Indian country has responded with anger, dismay and a degree of “we knew it all along” to a federal judicial-oversight panel’s revelations about hundreds of biased emails sent by Montana’s former chief district court judge, Richard Cebull.

RELATED: Racist Emails of Federal Judge; Why Native Advocates Want to See Them

Lita Pepion, Blackfeet, of Indian People’s Action, in Billings, Montana, called for the emails to be released in their entirety, not merely described in general terms. The federal courts hear many Native American matters because of the relationship of the tribal nations to the United States, according to Pepion: “We need to know exactly what was said. Actions of the federal judiciary have an immediate and personal effect on Native communities. We already know Native men and women are very much over-represented in federal prison population.
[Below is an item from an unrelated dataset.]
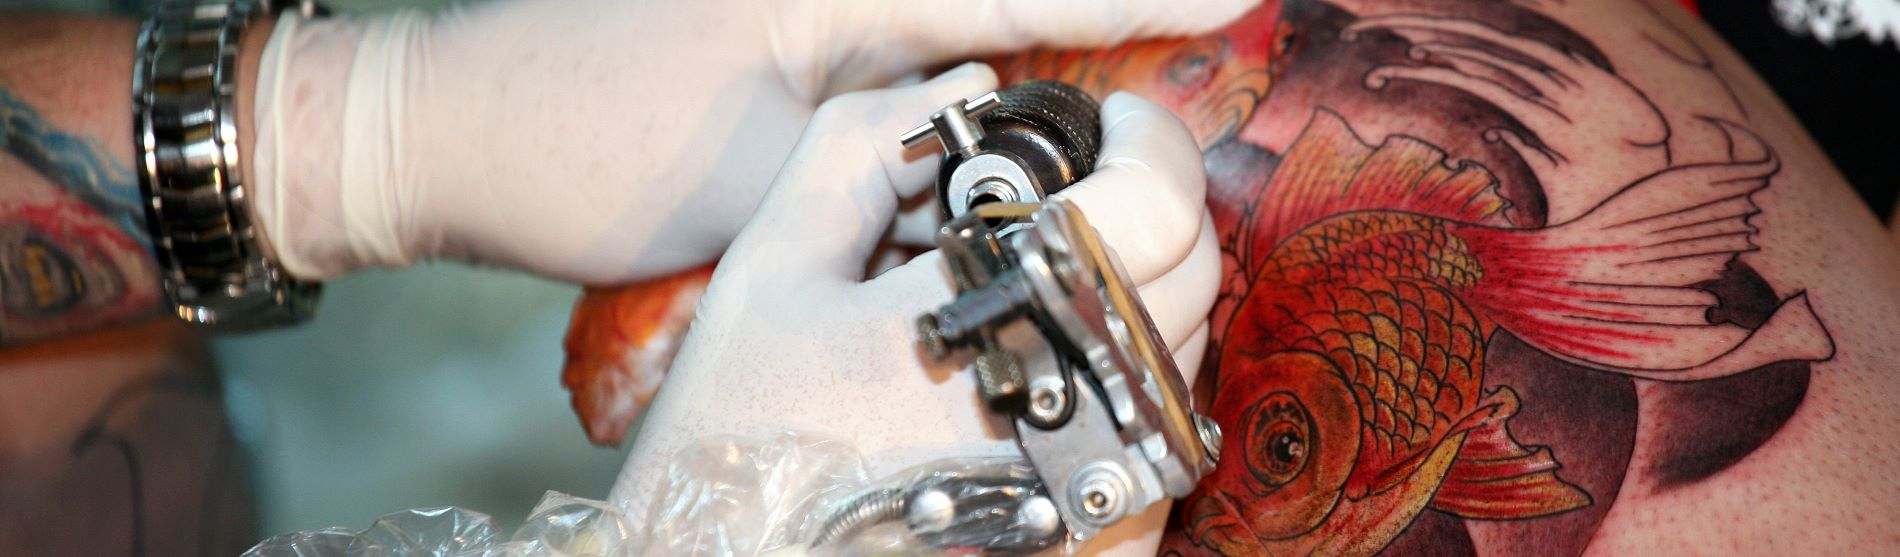 Will Laser Tattoo Removal Damage My Skin?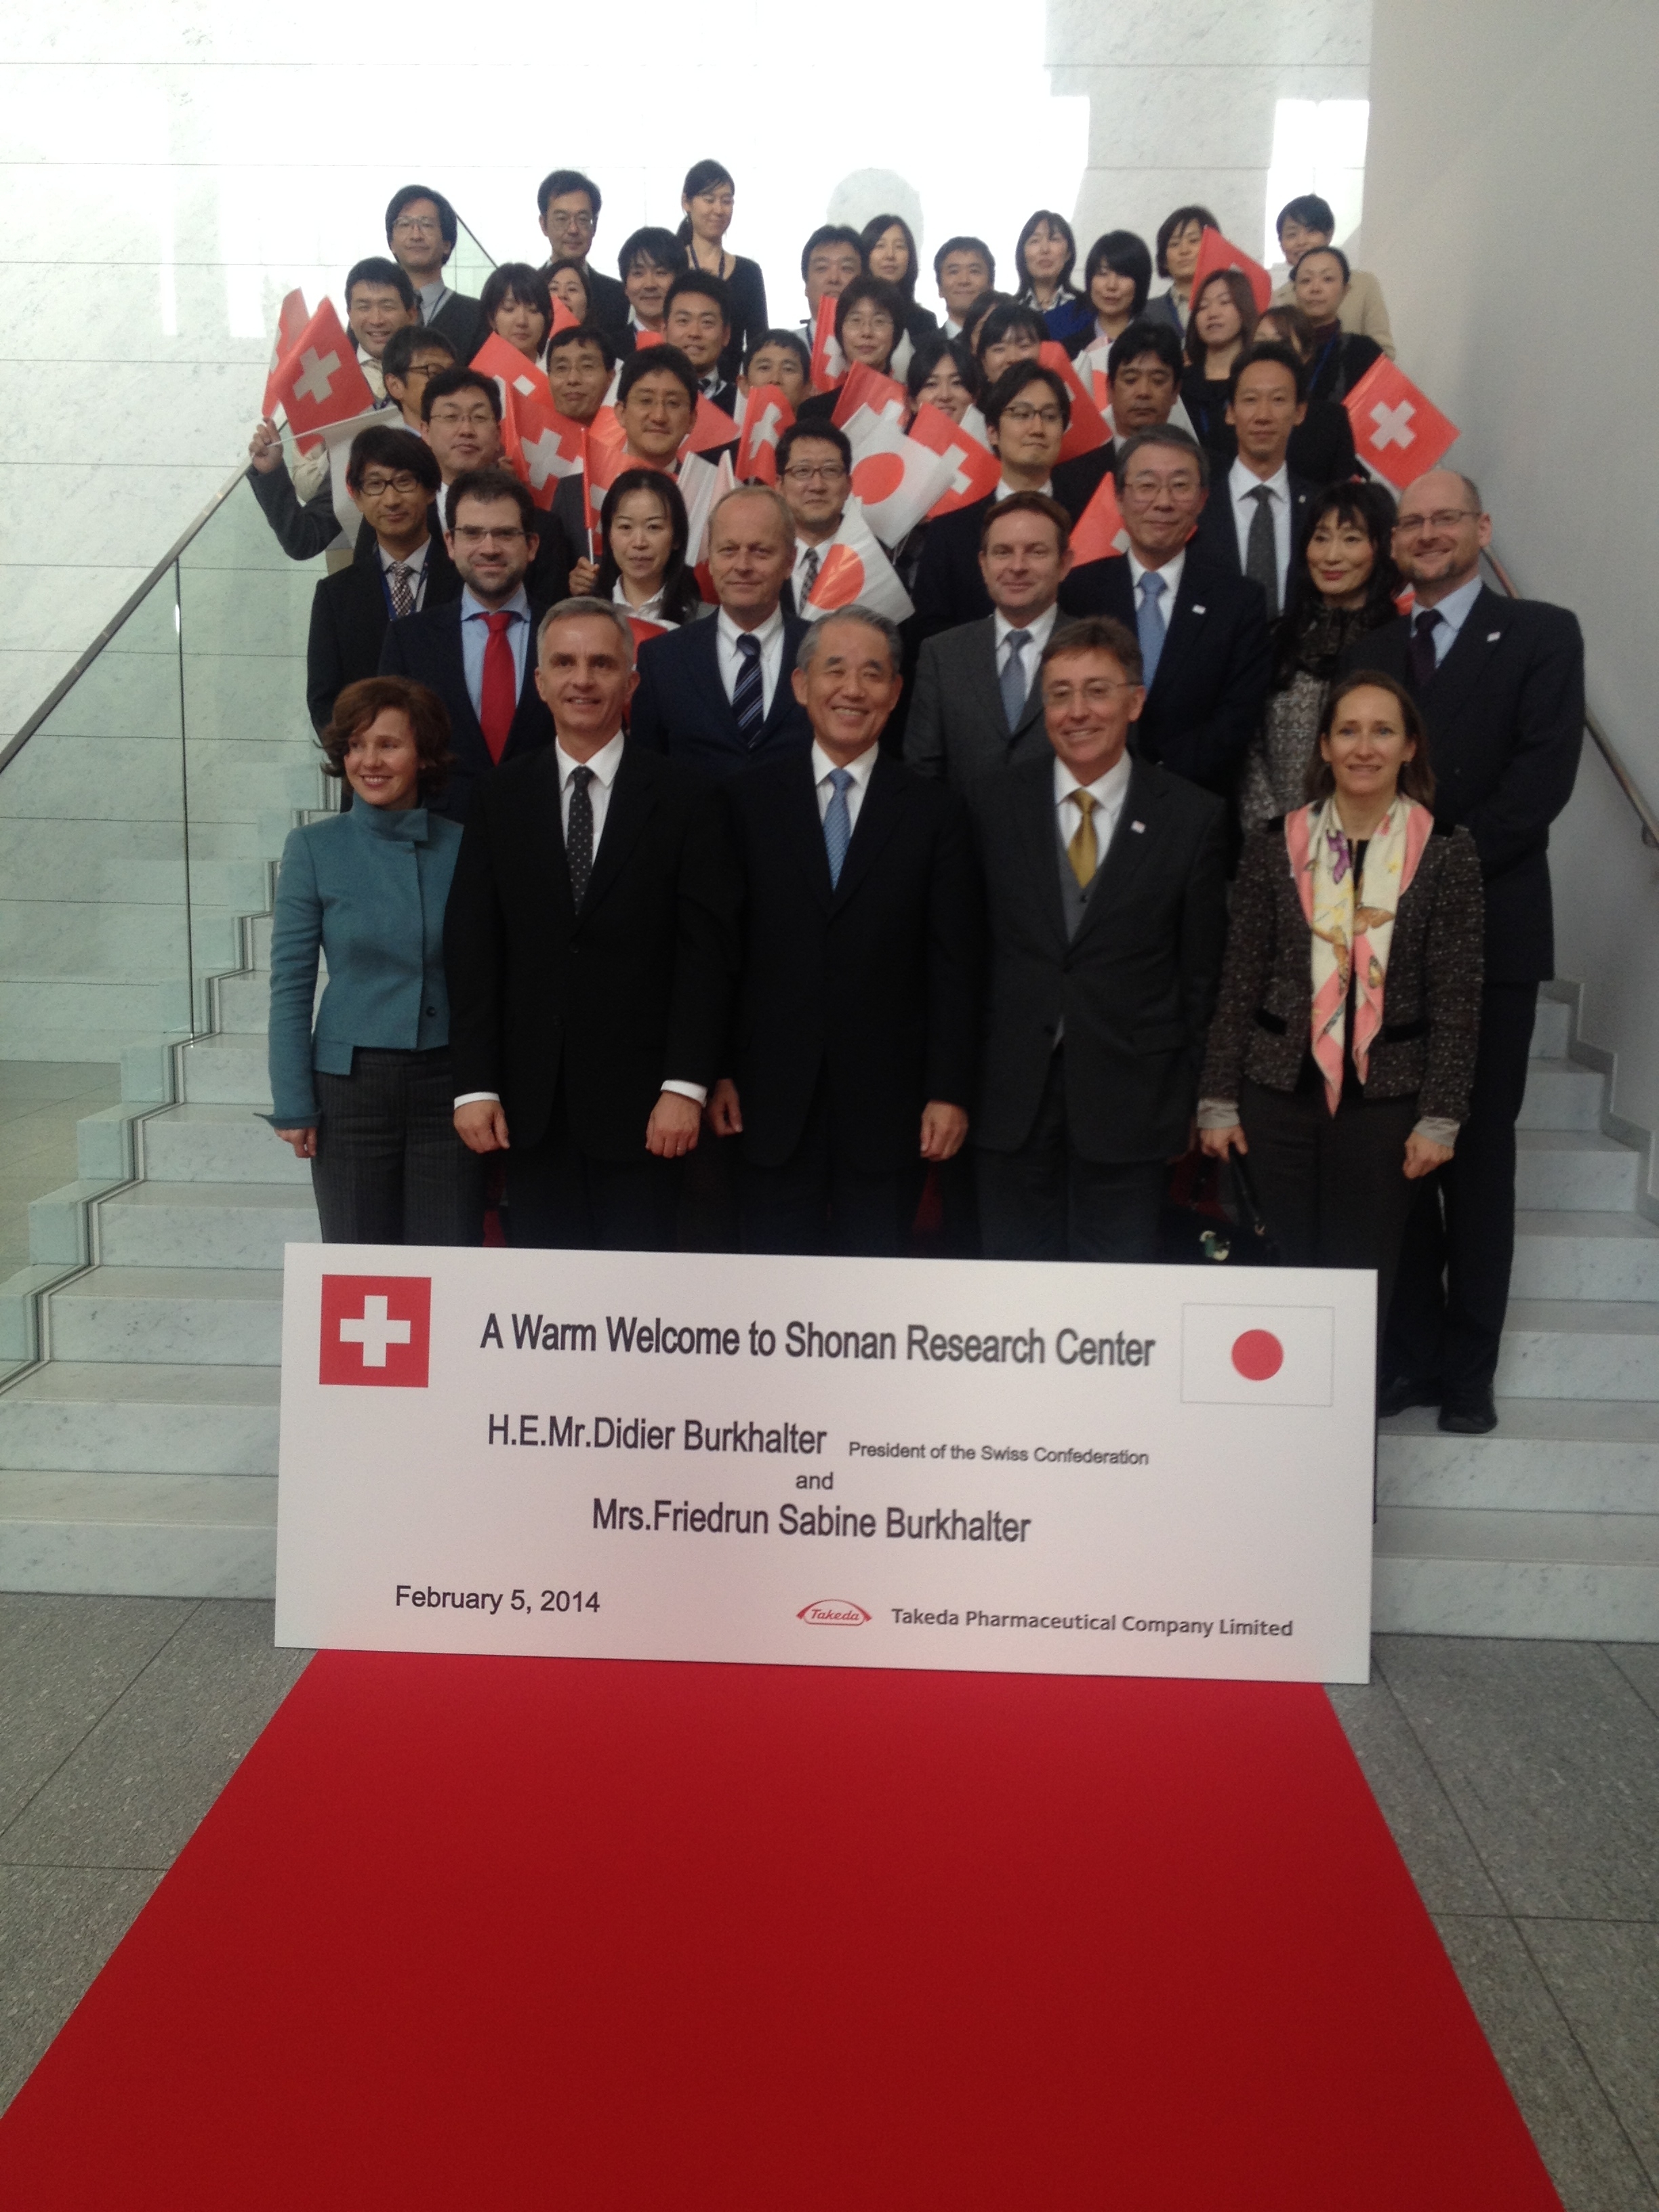 President Didier Burkhalter with his wife, Friedrun Sabine Burkhalter, in the research center of the Takeda company in Kamakura (Japan) together with employees of the center.

And that means children growing up without their parents, and families sentenced to a life of poverty. Bias destroys our communities.”

Tom Rodgers, the Blackfeet president of Carlyle Consulting and whistleblower in the Jack Abramoff scandal, agreed, saying, “Only when we see the emails will we be able to begin restoring trust in the justice system.”

Pepion also wanted to compare Cebull’s actions when dealing with similar allegations against Native and non-Native defendants. “We need to look at patterns in his treatment of civil matters, such as the Native voting-rights case he recently dismissed, Wandering Medicine v. McCulloch,” she said.

RELATED: Montana Native Voters Aren’t Equal-But That’s Not Enough, Says Judge

Judges from the Ninth Circuit Court of Appeals, who investigated the Cebull controversy, claimed they’d analyzed his decisions from the bench and found them to be in line with those of other federal judges. The Ninth Circuit is the federal court system for the nine westernmost states, including Montana.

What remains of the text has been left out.